Однако вопрос о том, почему идеи правых были внутренне противоречивыми и не слишком популярными, почему они реагировали на социальные перемены тем или иным образом, в работе не ставится или ставится не совсем четко. Так, например, автор утверждает, что взгляды консерваторов на сельское хозяйство определялись не столько “повседневными политическими страстями”, сколько “научным анализом и здравым смыслом”.[65] В частности, “научный анализ” привел правых идеологов к выводу о том, что нет крестьянского малоземелья, а есть неэффективные методы возделывания земли. Согласно логике автора получается, что среди либералов или, например, социалистов не было ни хороших экономистов, ни просто понимающих людей. Возможно, стоит разобраться не только в том, почему консерваторы стояли за передовую агрикультуру, но и почему они, будучи представителями дворянского сословия и класса землевладельцев, выступали против расширения крестьянского землепользования. Но автор “Консервативных представлений…” эти вопросы не затрагивает.
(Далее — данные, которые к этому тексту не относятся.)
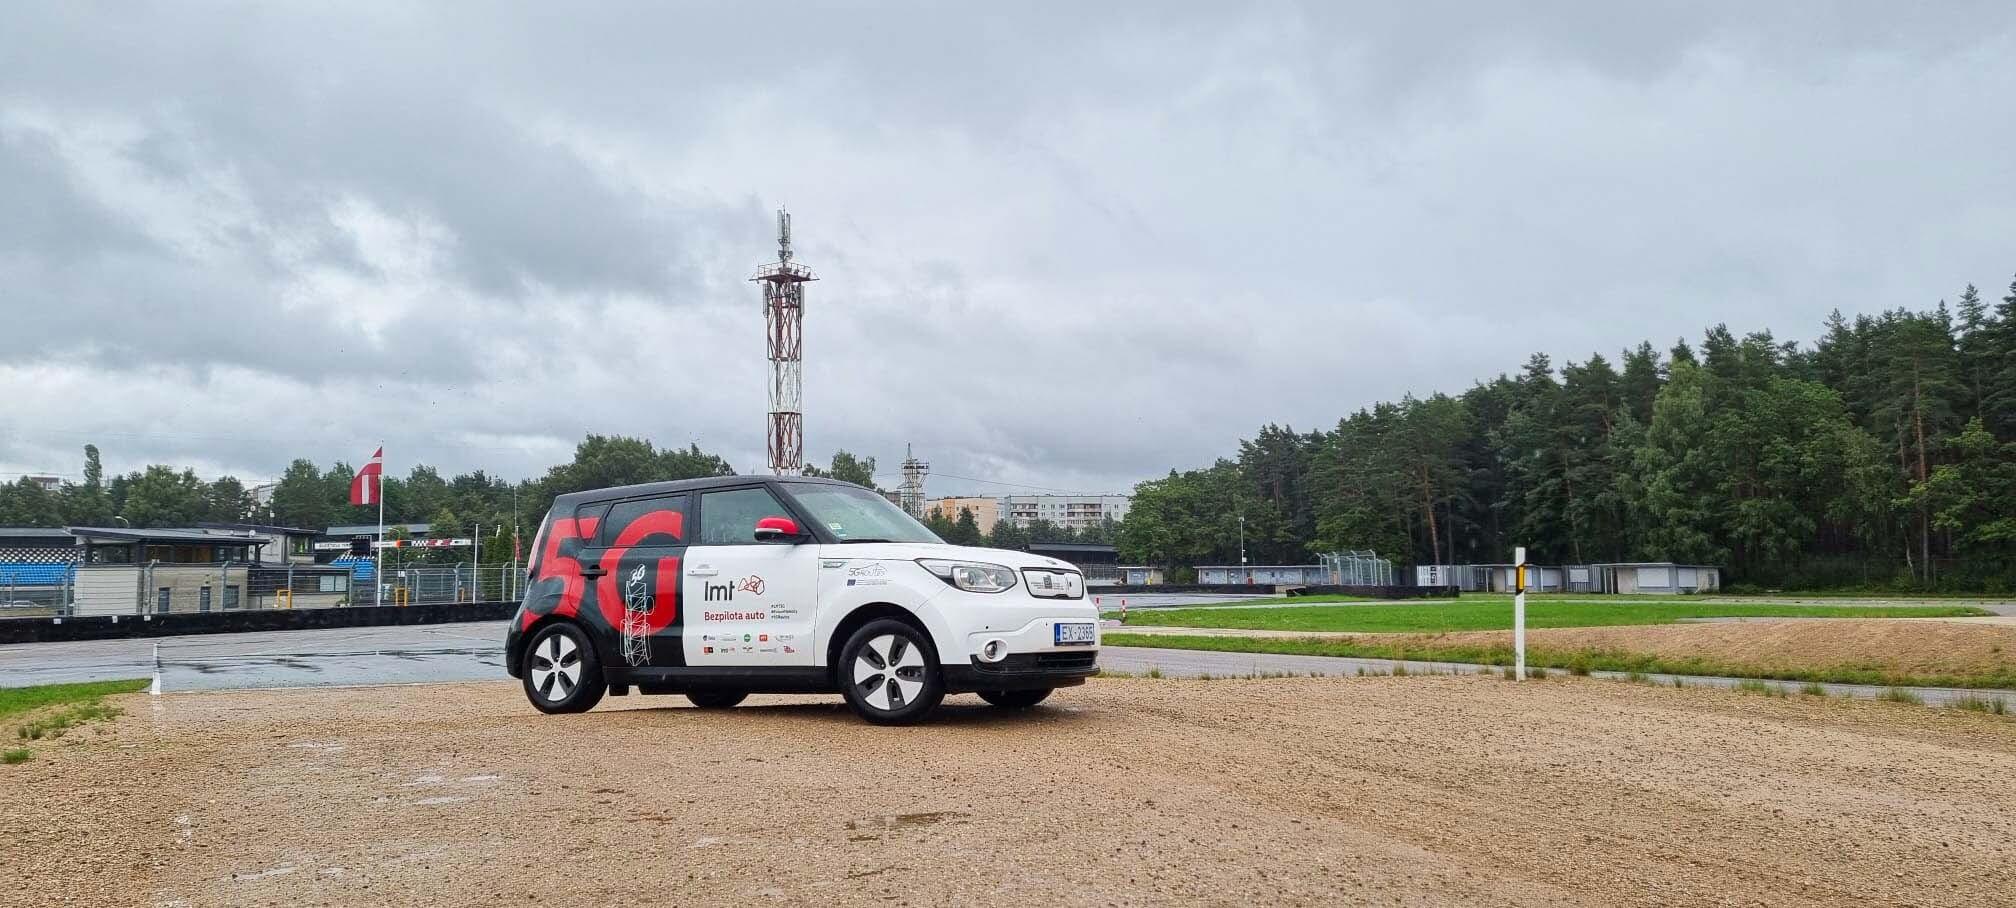 LMT un CSDD Biķerniekos izveido 5G testa trasi

А. В. Репников абсолютно точно показывает, насколько живо реагировали консерваторы на экономические реформы С. Ю. Витте, выступая против введения золотой валюты и привлечения иностранных инвестиций. Некоторые из них, например С. Ф. Шарапов и П. Ф. Булацель, сформулировали довольно последовательную альтернативную программу, основанную на принципах автаркии, протекционизма и понижении курса рубля.[66] Эти страницы монографии оставляют впечатление, что “охранители” были непризнанными экономическими гениями.[67] Между тем, даже беглый анализ социально-исторического контекста может многое показать. Так, Шарапов был, как известно, помещиком, обанкротившимся в 1890-е гг. в результате экономических реформ, которые повысили курс рубля (соответственно, понизив привлекательность русского зерна за рубежом), увеличили стоимость кредита и уменьшили спрос на продукцию сельского хозяйства. Такова была цена индустриализации, которую консерваторы не желали платить из своего кармана, а потому восставали против государственной экономической политики.[68] Никто не спорит, что Шарапов и другие лидеры правых вполне искренно верили в благотворность их экономических предложений для всей России, но это не снимает вопрос о социальной обусловленности их взглядов.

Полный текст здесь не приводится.